This format is much simpler, and the repeated chunk of code consisting of a "push_const 0" followed by an "add" can still be recognized as a 0 followed by a 1, and it still appears in two places. And, importantly, if we keep track of which instructions corresponded with which integers, we can later convert this list back into the same series of instructions that we used to produce it.

Finding Repeated Chunks

Once we have our code represented as a list of integers, we want to be able to automatically find repeated chunks. If we think of these lists of integers as strings (where each unique integer represents a unique character), then we can think of the problem as a search for repeated substrings. In particular, we can focus on the problem of finding the longest repeated and non-overlapping substring (in other words, the longest substring that occurs at least twice in a parent string, such that the two occurrences of the substring do not overlap). This is a well-known problem in computer science, and there exists an efficient solution to this problem that uses a technique called "Dynamic Programming". This page provides an explanation of the problem, along with some code for solving it.

So, we can find repeated chunks of code by first converting the code to a list of integers, and then using the algorithm described above to find the longest repeated substring within that list of integers. If the longest repeated substring that the algorithm finds is of length 1, then extracting it into a function would be useless. However, if the substring found is of length 2 or more, we can create a new routine by converting the substring back into a series of instructions. We can then delete the instructions that correspond to occurrences of the substring in the original code, and replace them with references to the new routine.

Once a routine has been extracted, its possible that the mind will once again evolve the same chunk of code, as it has at least twice before. For this reason, the A-Mind should scan new A-Theories for places where they have a chunk of code that is identical to some existing routine. When such a chunk is found, it should be replaced with a reference to the corresponding routine.
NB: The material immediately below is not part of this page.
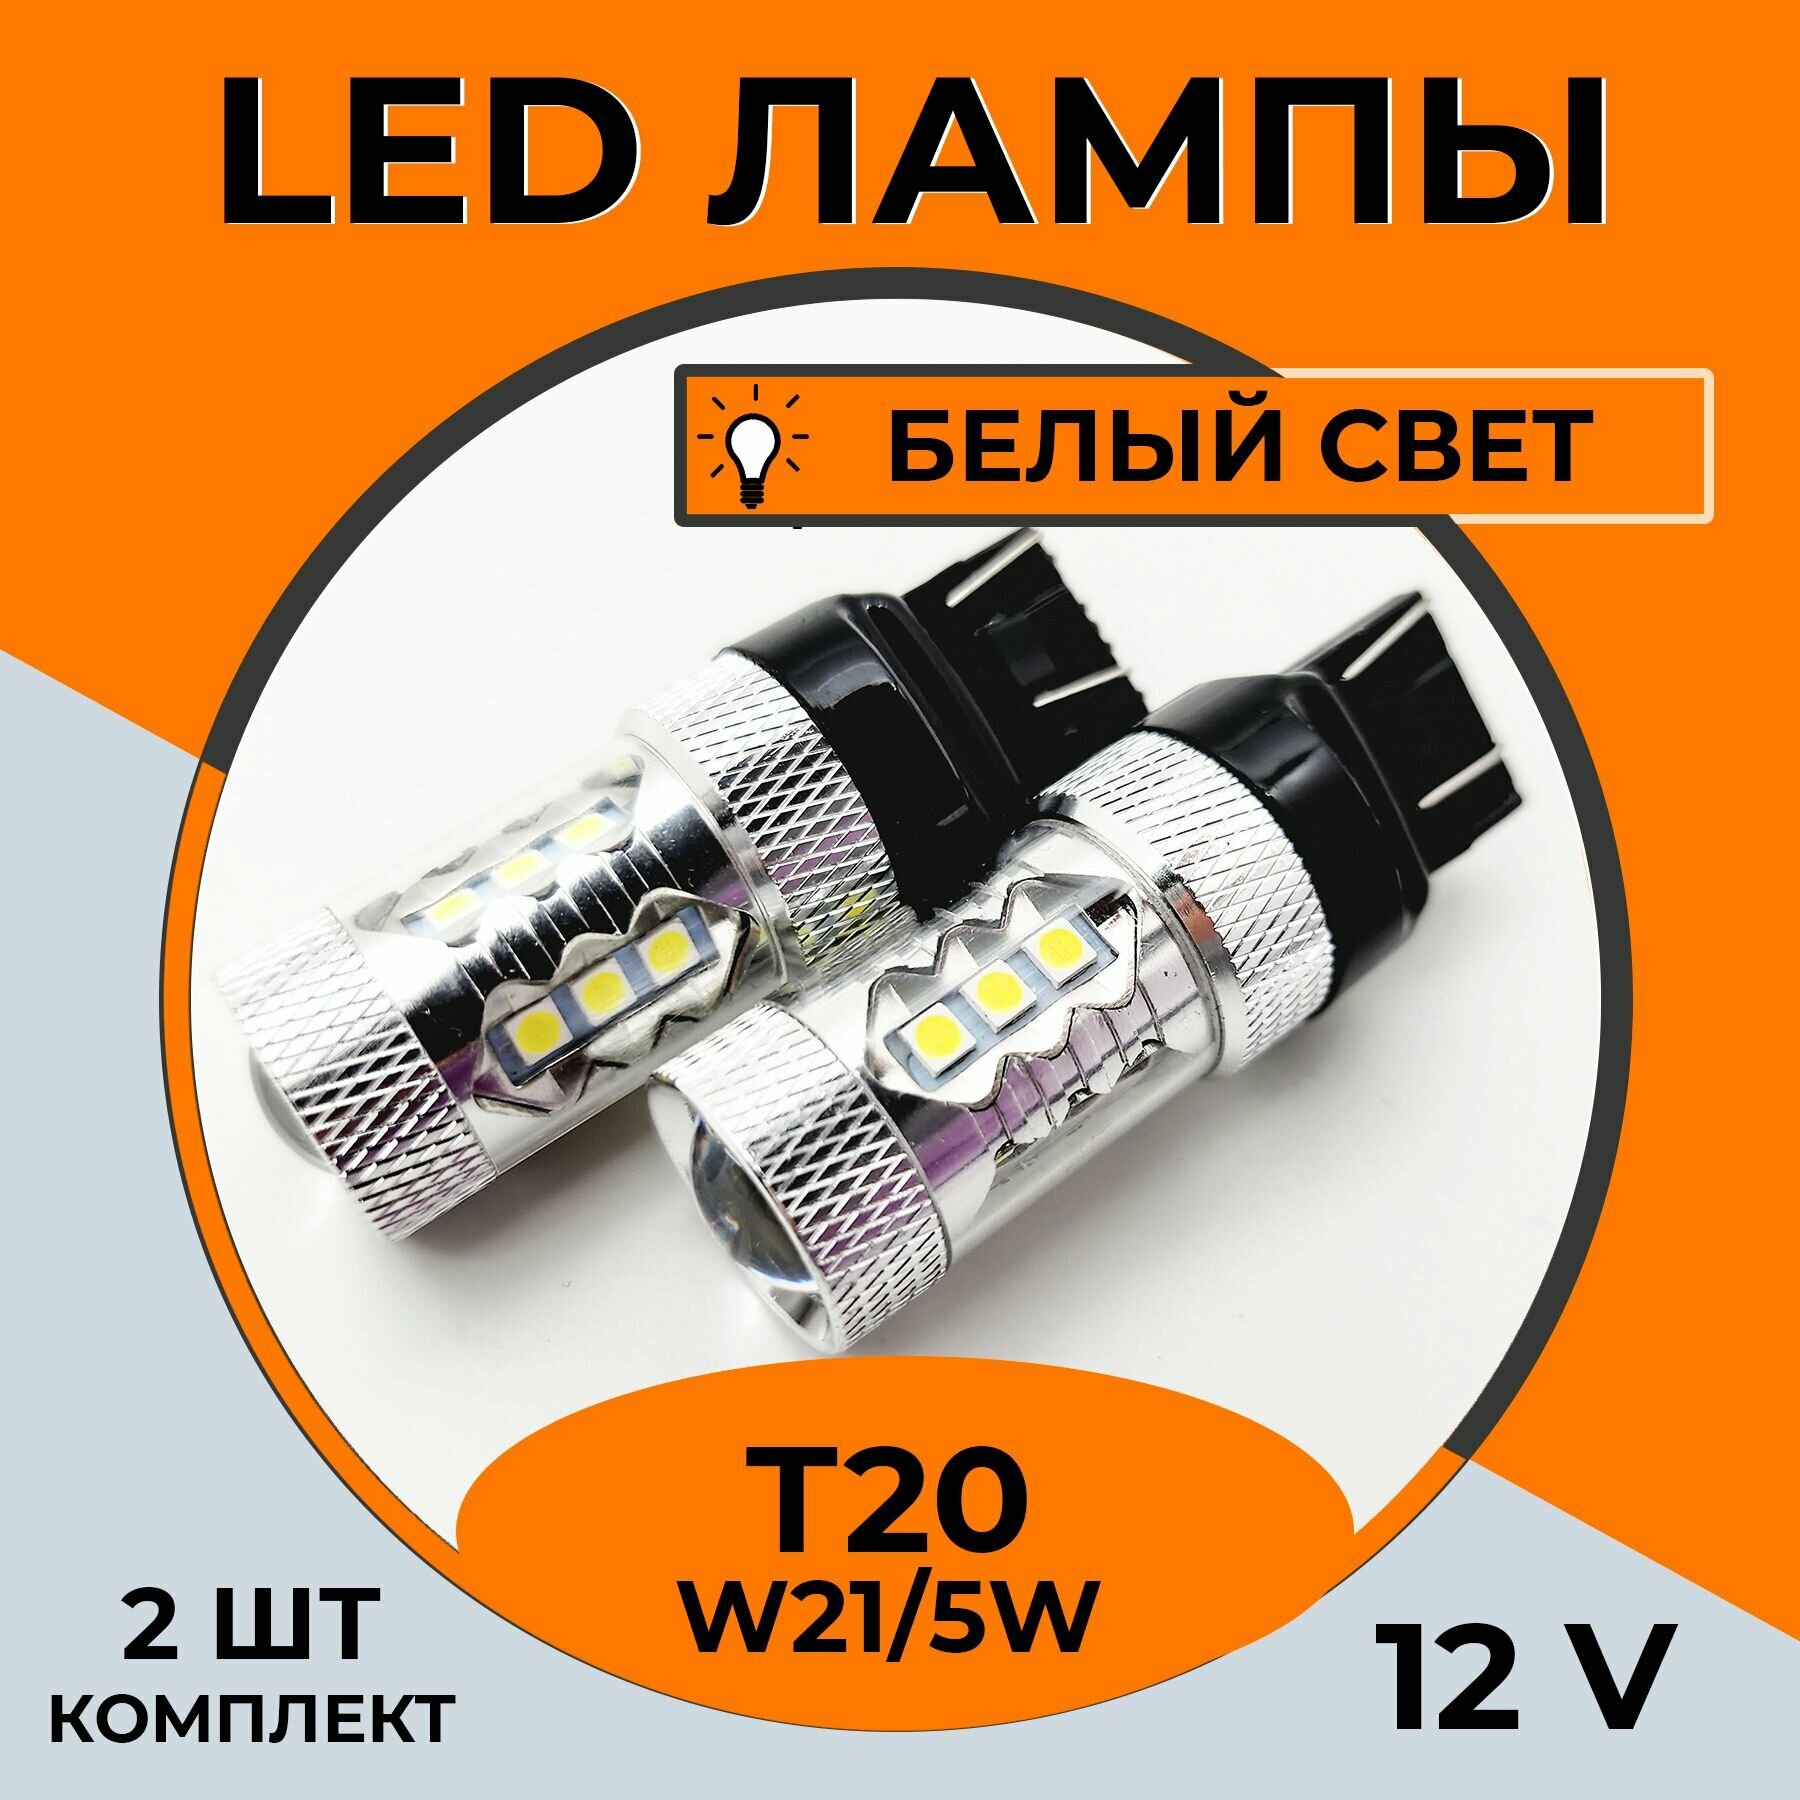 Автомобильная светодиодная LED лампа T20 W21/5W для габаритных огней, ДХО, 12в белый свет, 2 шт

There are two issues that make the process of extracting routines from code slightly more complicated than described above.

The first issue is that, when using this technique in practice, we are interested in finding chunks of code that are repeated anywhere in the set of all A-Theories in the A-Mind. In other words, we are not just looking for chunks that appear twice within the same A-Theory, but also chunks that appear once in one A-Theory and once in another.
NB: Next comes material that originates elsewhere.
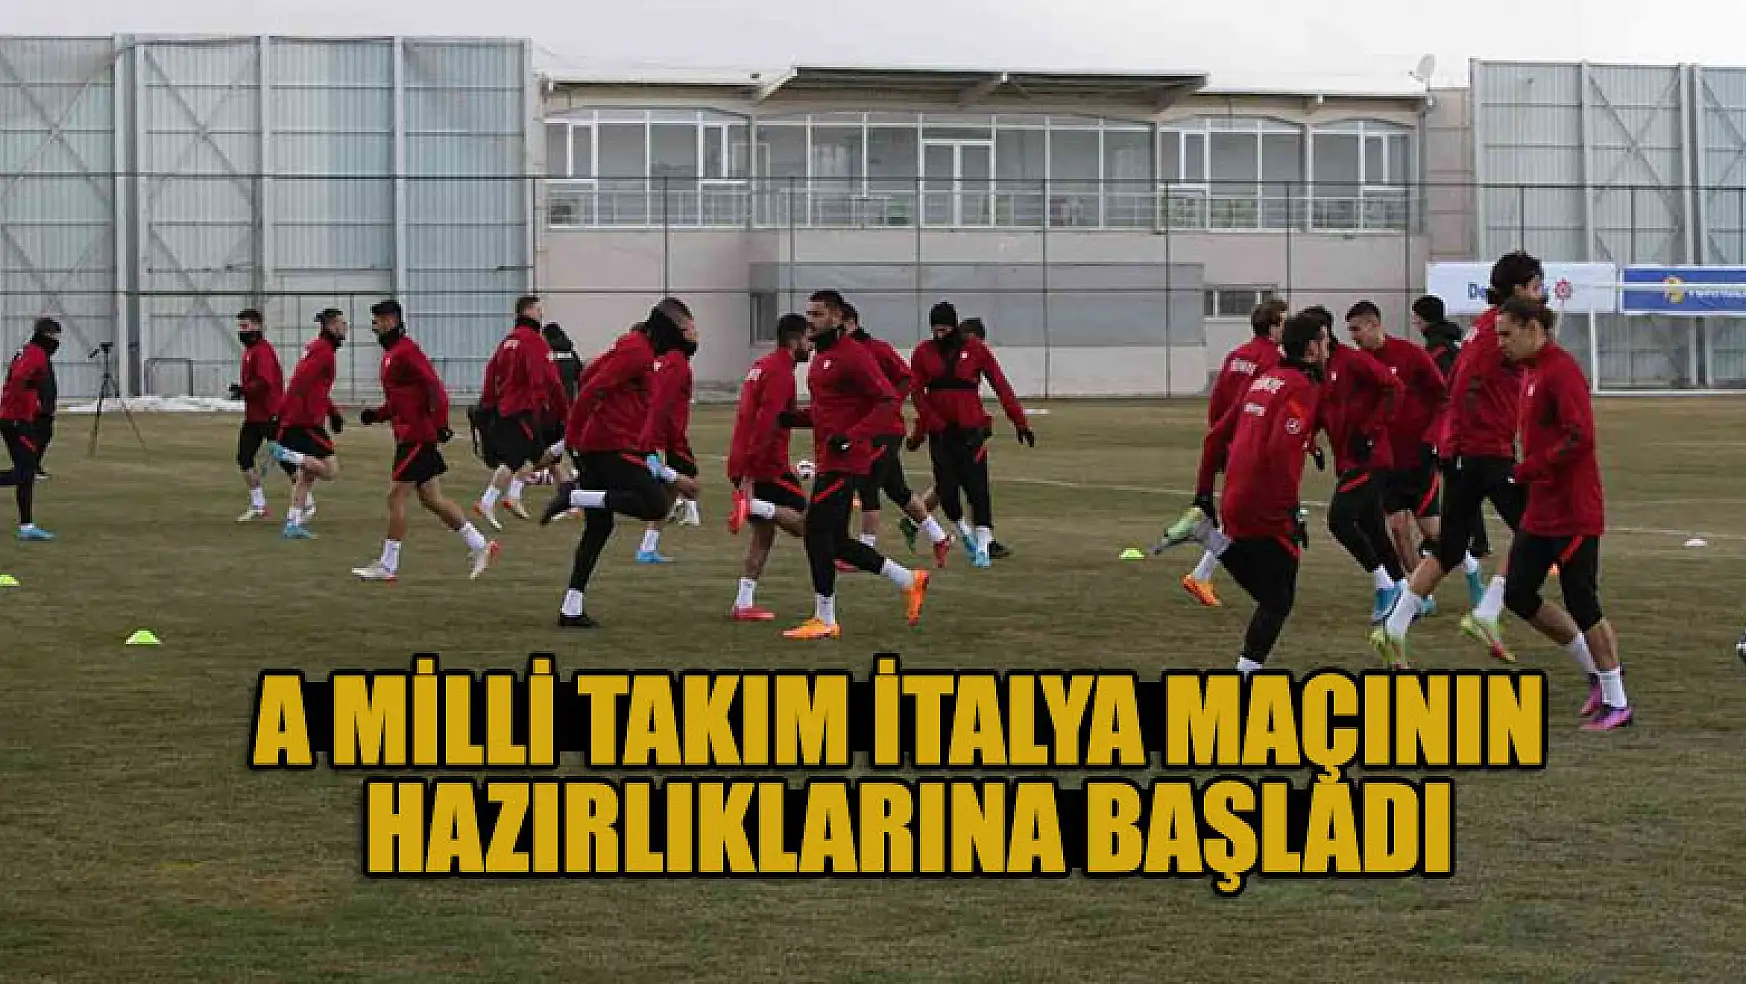 A Milli Takım, Konya'da İtalya maçının hazırlıklarına başladı

This issue can be handled like so: When converting code into lists of integers, rather than having a separate list of integers for each theory, we will instead use one long list of integers. It is important that integers correspond to the same instructions in the lists of integers for all theories, or else repeated chunks of code won't be recognized properly. To accomplish this, we can concatenate the code of all theories before converting them to lists of integers, and instead convert the concatenated code to one long list of integers. Then, we need to insert separator values at the locations in the list that correspond to breaks between the original theories, because otherwise, the repeated substring found might cross the boundary between two theories, which wouldn't correspond to a chunk of code that could validly be extracted. Each separator value used between two theories needs to unique because otherwise, as before, the substring found might cross the boundary between two theories. You could choose separator values by using negative numbers, or using positive integers that are greater than any values used to represent instructions.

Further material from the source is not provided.